Spousal or Partner Support Agreements

Spouses or domestic partners can agree to a spousal or partner support order. By agreeing and signing a written agreement (a stipulation), they do not have to go in front of a judge and leave the decision up to him or her.

Writing up a spousal or partner support agreement
Spouses or domestic partners can agree to a spousal or partner support amount, but it will not become a court order until the judge accepts your agreement and signs it as an order.

The family law facilitator in your court can help you work out a spousal or partner support agreement and write it up.

To write up a spousal or partner support agreement:

  1. Inform yourself about your rights and responsibilities about spousal or partner support
    Before you sign an agreement with your spouse or domestic partner about spousal/partner support (whether you will be paying it, getting it, or agreeing to no support), you should understand how spousal/partner support works and what your rights are. That way, when you write up and sign your agreement, you are fully informed.

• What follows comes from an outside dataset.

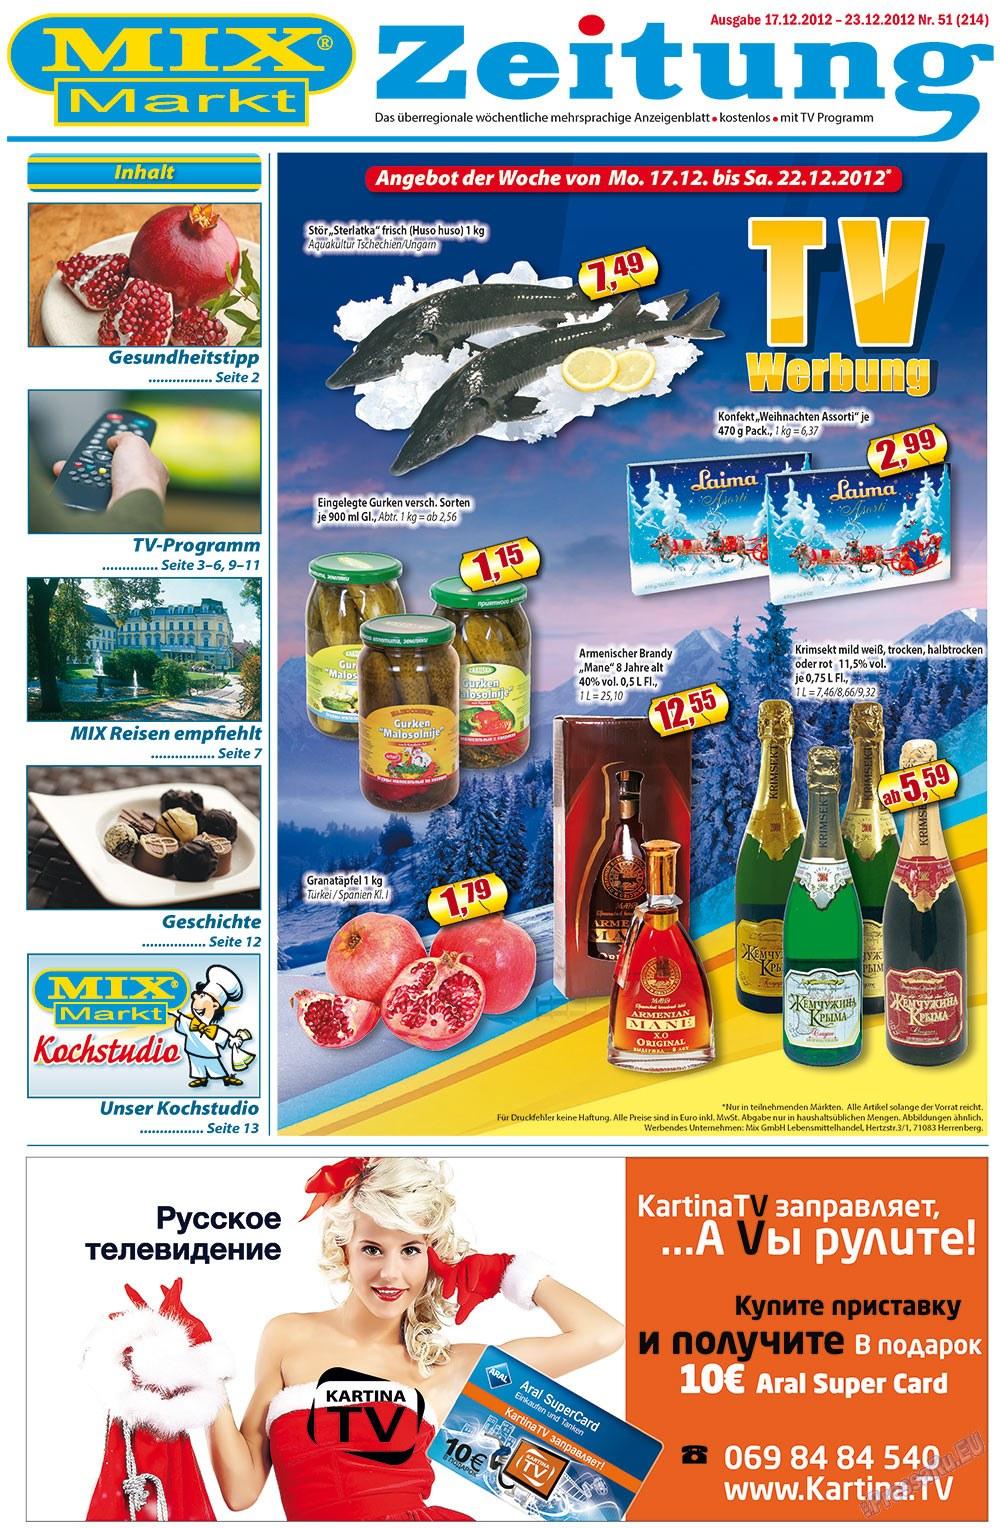 MIX-Markt Zeitung (газета). 2012 год, номер 51, стр. 1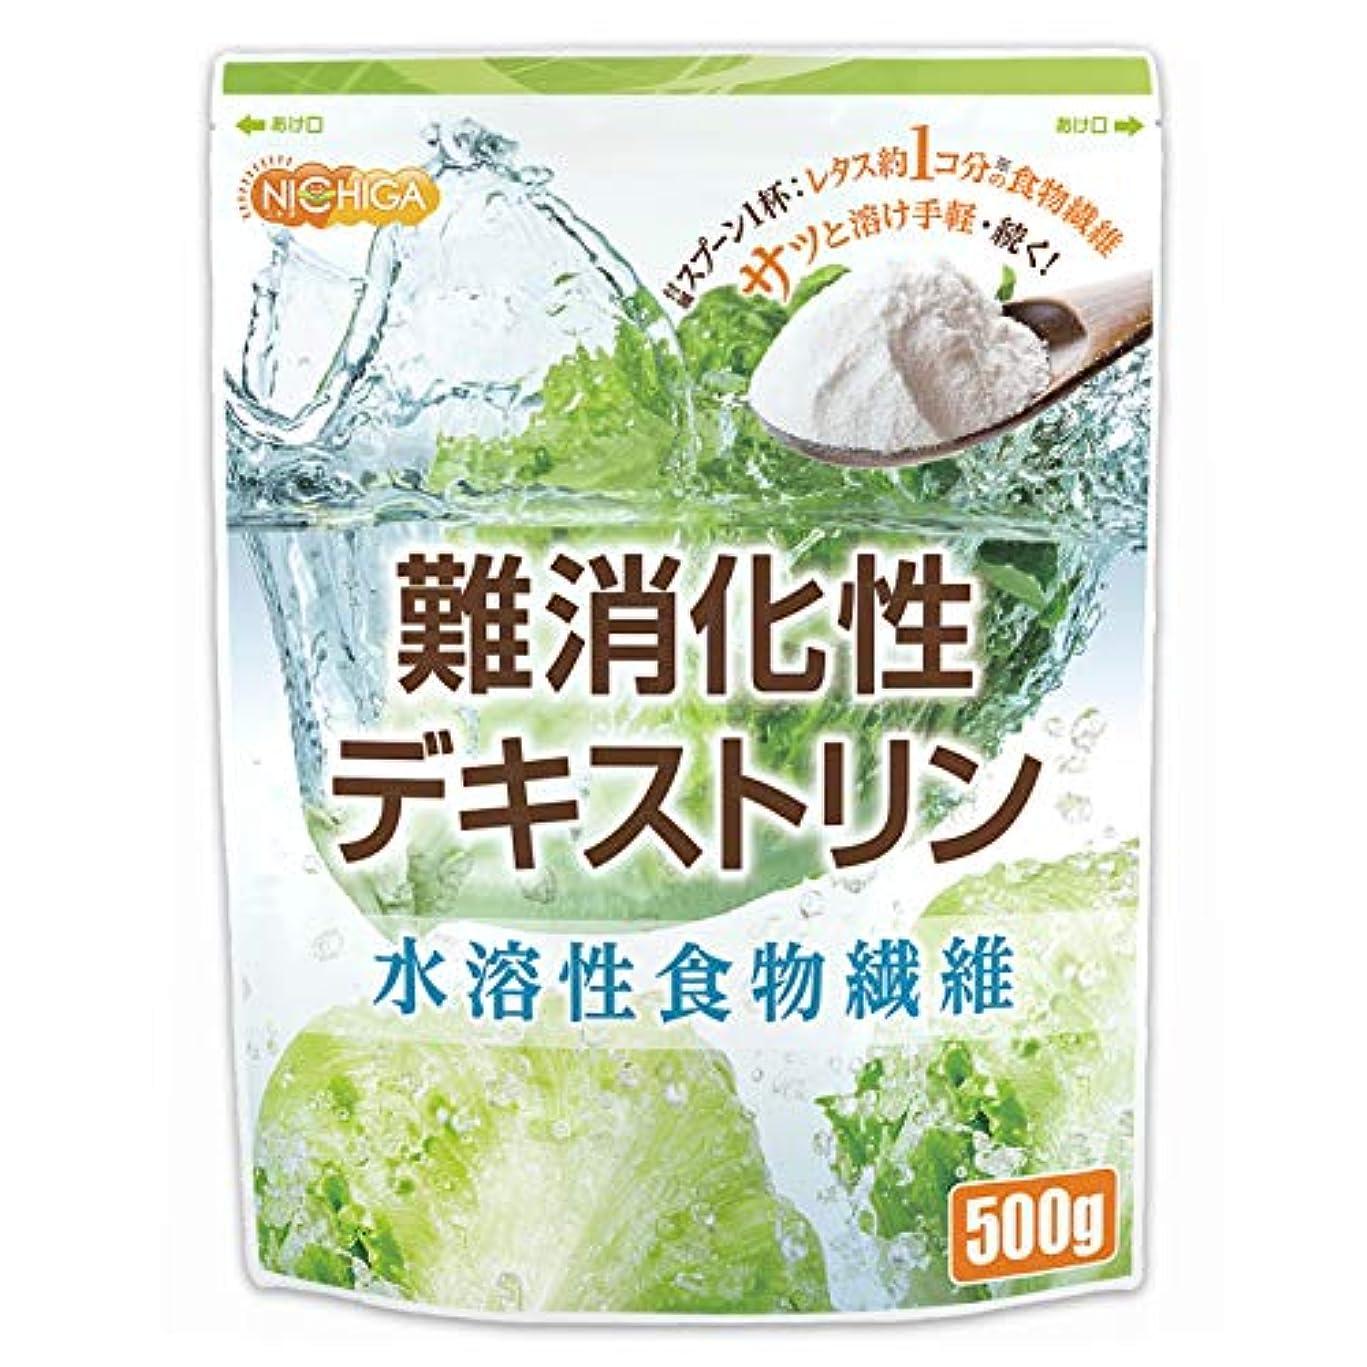 難消化性デキストリン 500g 製品のリニューアル致しました 水溶性食物繊維 [01] NICHIGA(ニチガ) 付属のスプーン1杯2.5gで、約レタス1個分の食物繊維

    • Ask the family law facilitator in your court for help understanding spousal or partner support. He or she may also be able to help you mediate with your spouse or partner and may even write up your agreement for you.
    • Also, take a look at Spousal or Partner Support Declaration Attachment (Form FL-157). This form can be used to ask the court for spousal or partner support, or to ask for a change in the order, and it can help you see what factors the law considers in determining spousal or partner support.
  2. Decide on an amount and the duration of spousal/partner support
    Once you understand spousal or partner support, you and your spouse or partner must agree on:

    • An amount (or no amount, if you agree that no one will pay spousal/partner support to the other);
    • The duration of the support payments — how long the payments will last; and
    • How the payments will be made — directly between the 2 of you or by wage garnishment (an automatic deduction from the paying person’s paychecks).
  3. Consider other issues to see if you can agree about those as well
    As part of your divorce or legal separation, the court will decide other issues like property and debt division or, if you have children, child support and custody and visitation of the children. Consider working on an agreement about these issues too.
  4. Write up your agreement
    There is no existing court form for a spousal or partner support agreement (also called a “stipulation”). You have to write up your own or include the spousal/partner support order in your overall marital/partnership settlement agreement or stipulated settlement for your divorce, if you have one. You can use the Spousal, Partner, or Family Support Order Attachment (Form FL-343) as an attachment to your agreement. This form includes a lot of details that you should include in your order.Make sure you use the right case number for your agreement, which will be the case number of your divorce or legal separation case.

    • Ask the family law facilitator in your court if you need help writing up your agreement. Or, if you wrote it up on your own, have the facilitator review it to make sure you did it correctly.
  5. Sign your agreement
    Each spouse or partner must sign the agreement or stipulation. Make sure you understand it and that you are signing it voluntarily and are not being pressured or forced to agree.
  6. Turn in your agreement/stipulation to the court for the judge to sign
    Find out from the court clerk if you need to make copies ahead of time and turn them in with the original or just turn in the original and make copies after. The procedures for how to do this will be a little different from court to court, so make sure you find out from the clerk what to do and when you should return to pick up your papers.

    • If you are agreeing to have the spousal or partner support paid by wage garnishment, also turn in an Earnings Assignment Order for Spousal or Partner Support (Form FL-435).
  7. File your agreement/stipulation after the judge signs it
    After the judge has signed the agreement/stipulation, file the original with the court clerk (after making copies if you did not already make them). The clerk will keep the original and stamp your copies “Filed” and return them to you. One copy will be for you; the other will be for your spouse or domestic partner.

    • Also file the Earnings Assignment Order for Spousal or Partner Support (Form FL-435) if you turned in one.
  8. Send the Earnings Assignment Order to the employer of the obligor (the person ordered to pay support)
    If you agreed to have the obligor’s (person paying support) wages garnished, send a copy of the filed Earnings Assignment Order for Spousal or Partner Support (Form FL-435) to his or her employer.